Purpose: The research focuses on detecting and mitigating Distributed Denial of Service (DDoS) attacks in cloud environments. It aims to evaluate the effectiveness of machine learning models, particularly the CNN-LSTM hybrid model and the ID3 decision tree, in ensuring cloud security. Materials and Methods: For this study, the CIC-DDoS2019 dataset was used as the primary source of data. The dataset was divided into training and testing sets using an 80:20 split to ensure robust evaluation. Two models were selected for comparison: the CNN-LSTM hybrid model and the ID3 decision tree.
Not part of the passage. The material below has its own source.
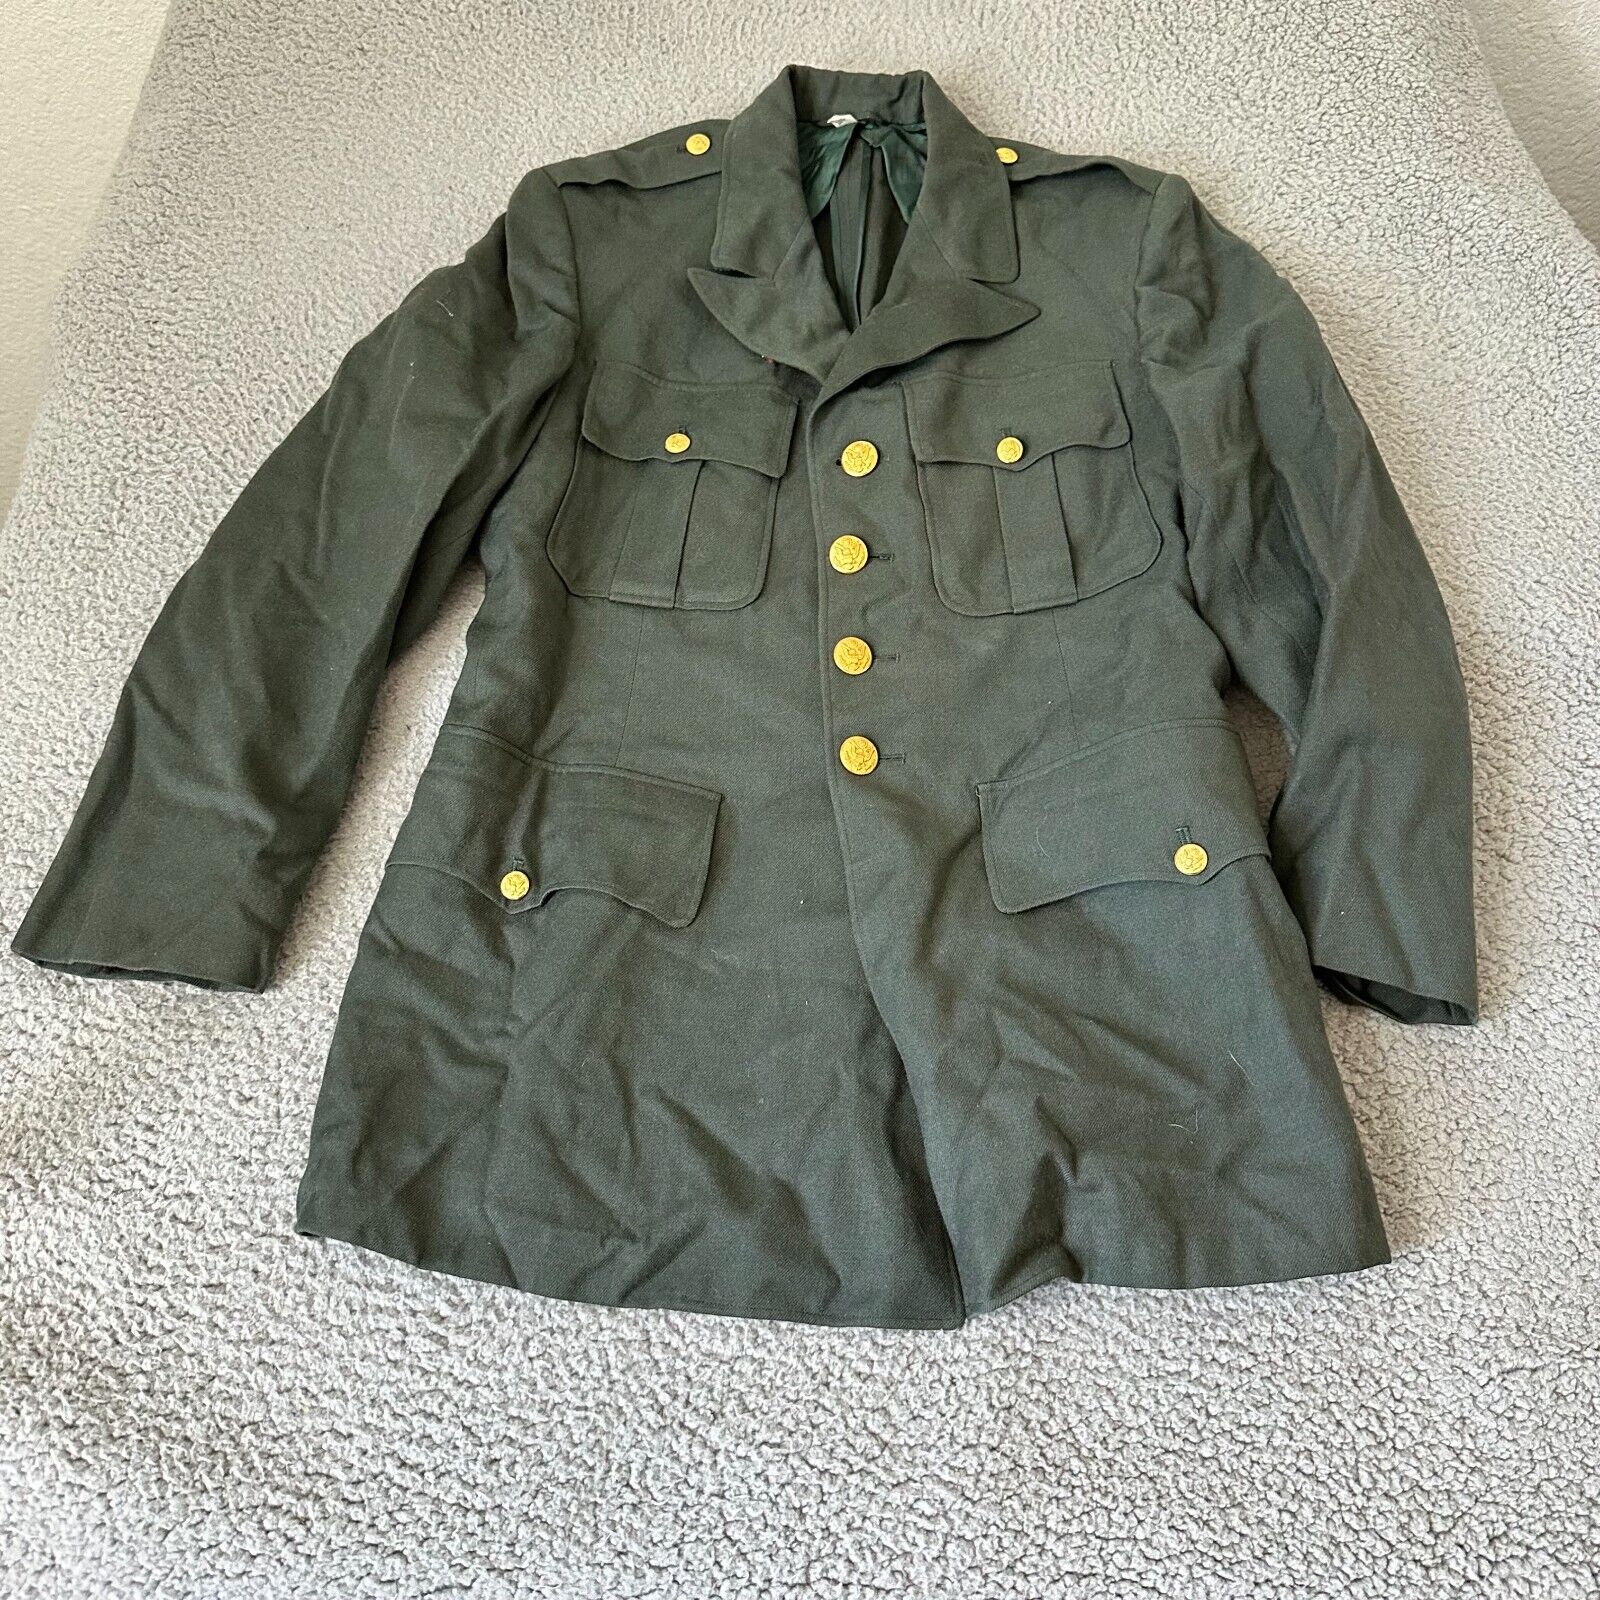 Vintage Military Jacket Mens 39 Green US Army Green 50s Quartermaster 100% Wool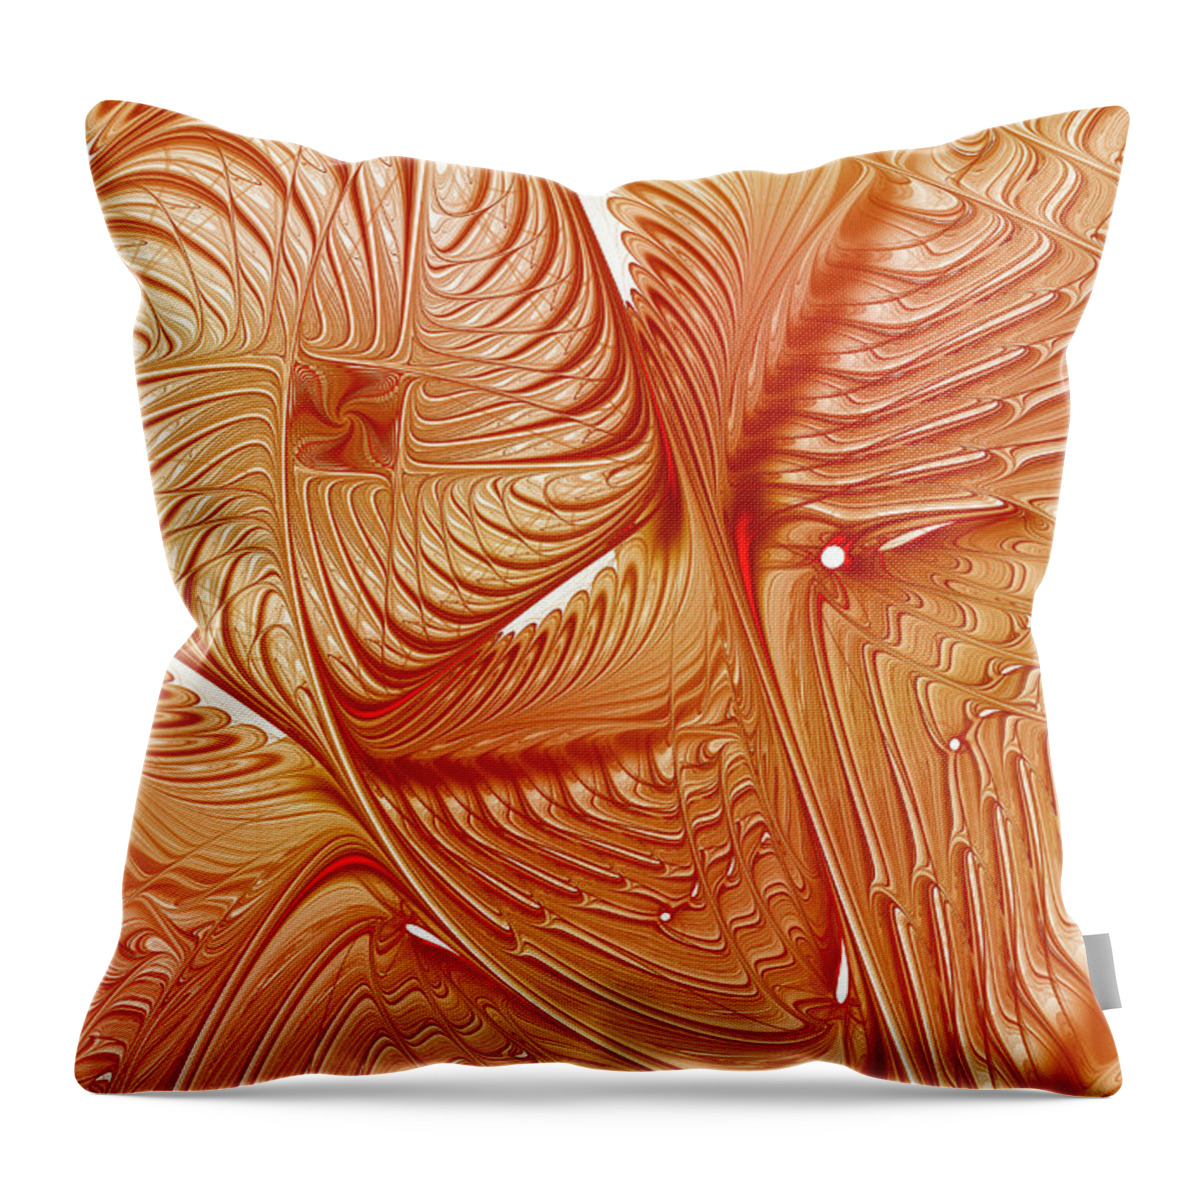 Art Throw Pillow featuring the digital art Zenith by Jeff Iverson

The CNN-LSTM model was designed to combine the strengths of convolutional neural networks for spatial feature extraction with long short-term memory networks for sequence learning, while the ID3 decision tree served as a baseline algorithm to evaluate how a simpler, rule-based approach performs against advanced deep learning architectures. Findings: The experimental results showed that the CNN-LSTM hybrid model significantly outperformed the ID3 decision tree method. Specifically, the CNN-LSTM model achieved a recall of 0.97, precision of 0.98, and an F1-score of 0.98, with an overall accuracy of 98.5% in detecting DDoS attacks. Its superior performance can be attributed to its ability to integrate spatial feature extraction and temporal sequence learning effectively. In contrast, the ID3 decision tree model delivered below-average results when compared to the CNN-LSTM, although it remained a usable solution in certain scenarios due to its simplicity and ease of implementation. Unique Contribution to Theory, Practice and Policy: The CNN-LSTM hybrid model emerges as a highly effective solution for DDoS detection in cloud environments and should be prioritized when developing advanced security frameworks. However, decision tree algorithms such as ID3 still hold relevance, especially in resource-constrained environments where computational efficiency and model simplicity are critical considerations.